3. Petani diharapkan mengusahakan peningkatan kualitas gabah dengan proses pengeringan yang lebih baik dari GKP menjadi GKG. Selain itu, petani sebaiknya menjual gabah di tingkat penggilingan dengan kualitas GKG dibandingkan di tingkat petani dengan kualitas GKP, dikarenakan harga jualnnya jauh lebih tinggi.

4. Lembaga keuangan khususnya perbankan diharapkan mampu menciptakan akses petani terhadap modal dengan bunga kredit yang relatif rendah supaya petani mampu melakukan berbagai inovasi dalam usaha taninya. Bunga kredit sektor pertanian yang masih relatif tinggi akan membuat tingkat kesejahteraan petani menurun, dikarenakan petani terbebani dengan bunga kredit yang harus dibayarkan kepada perbankan, sementara nilai tambah produk pertanian sangat rendah yang ditandai oleh masih rendahnya NTP. Selain itu, kredit yang disalurkan harus diarahkan kepada kredit investasi yang mempunyai manfaat jangka panjang, daripada kredit modal kerja dan kredit konsumsi yang habis jika digunakan dalam satu kali proses produksi.
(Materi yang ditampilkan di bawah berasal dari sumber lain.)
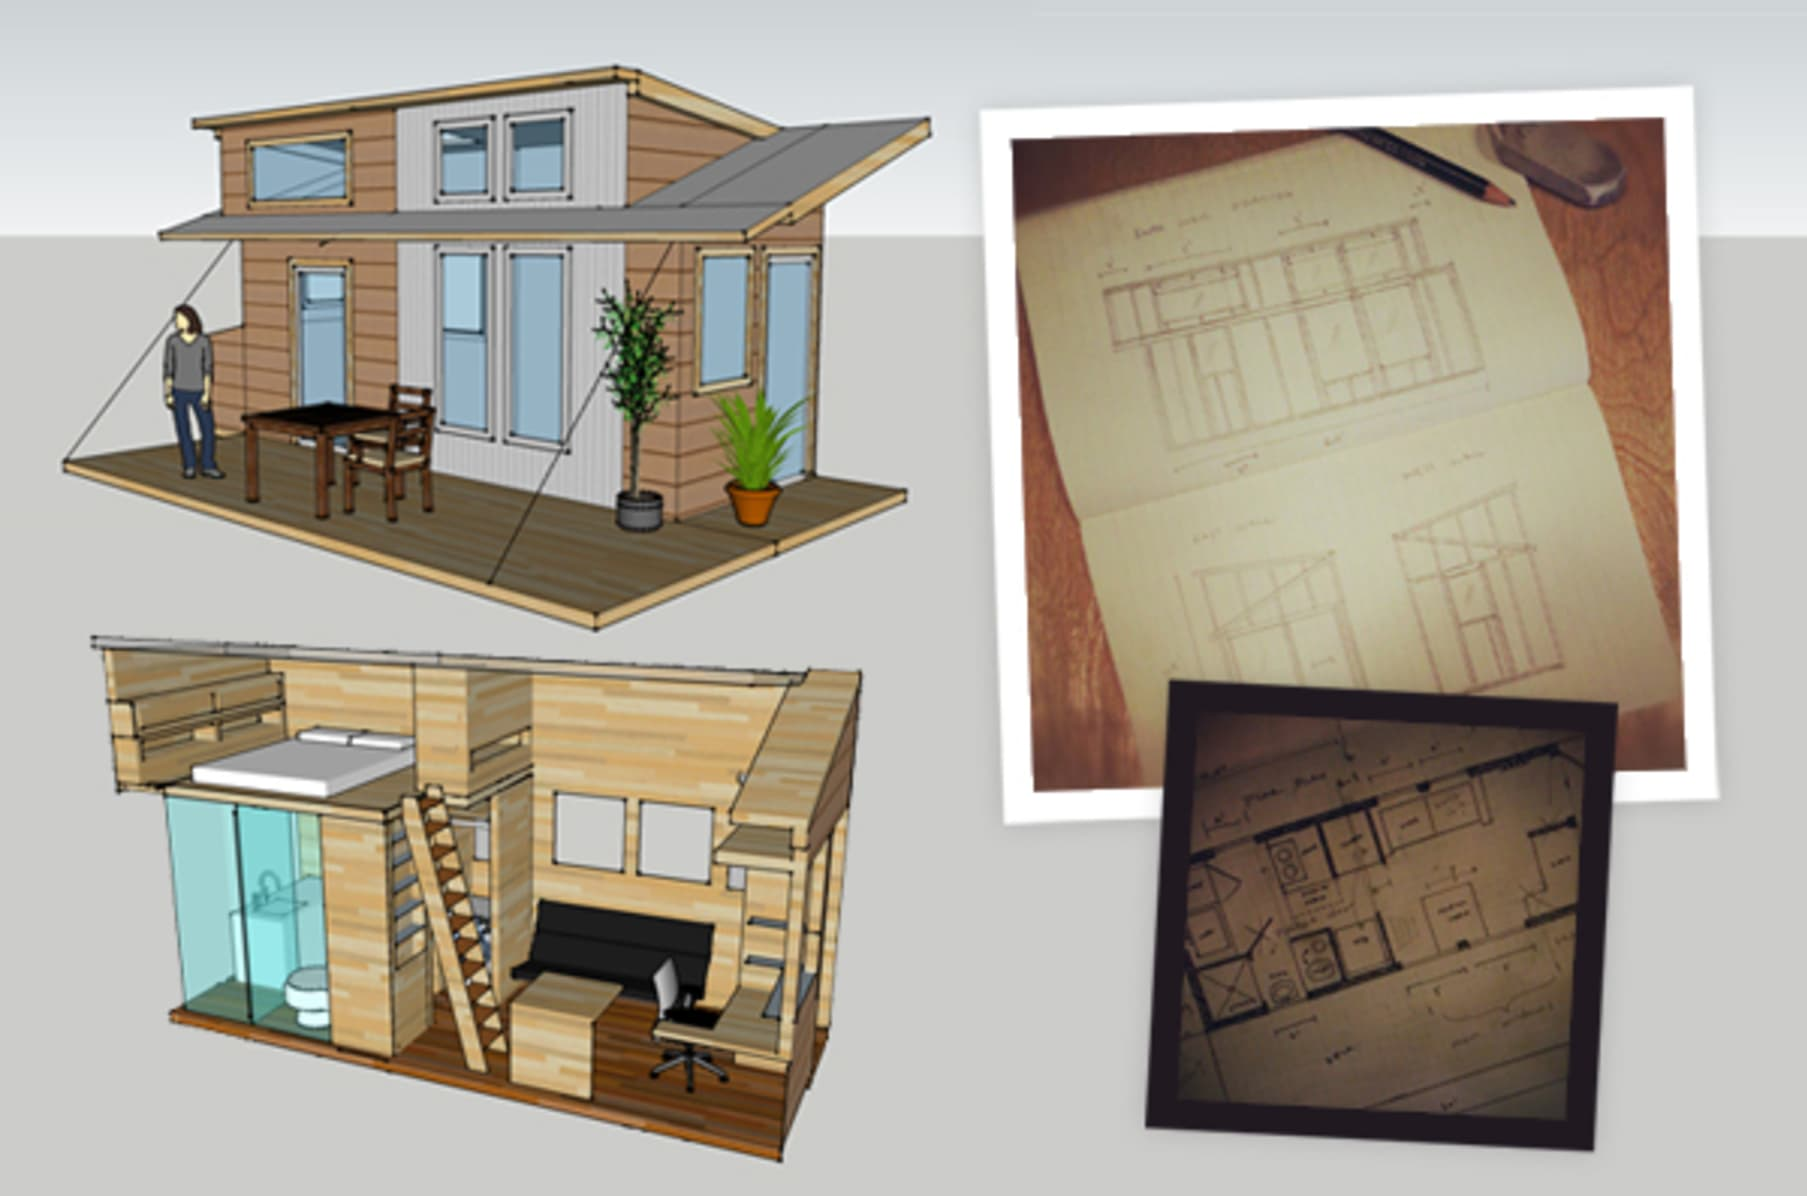 Alek Lisefski Tiny House the tiny project -- tiny house build -- community education

5. Pemerintah selaku pengatur dan pembuat kebijakan struktural harus berupaya menciptakan situasi dan kondisi infrastuktur pendukung sektor pertanian yang baik, dikarenakan infrastuktur pertanian yang baik merupakan salah satu penunjang dalam menjaga dan meningkatkan nilai tukar petani.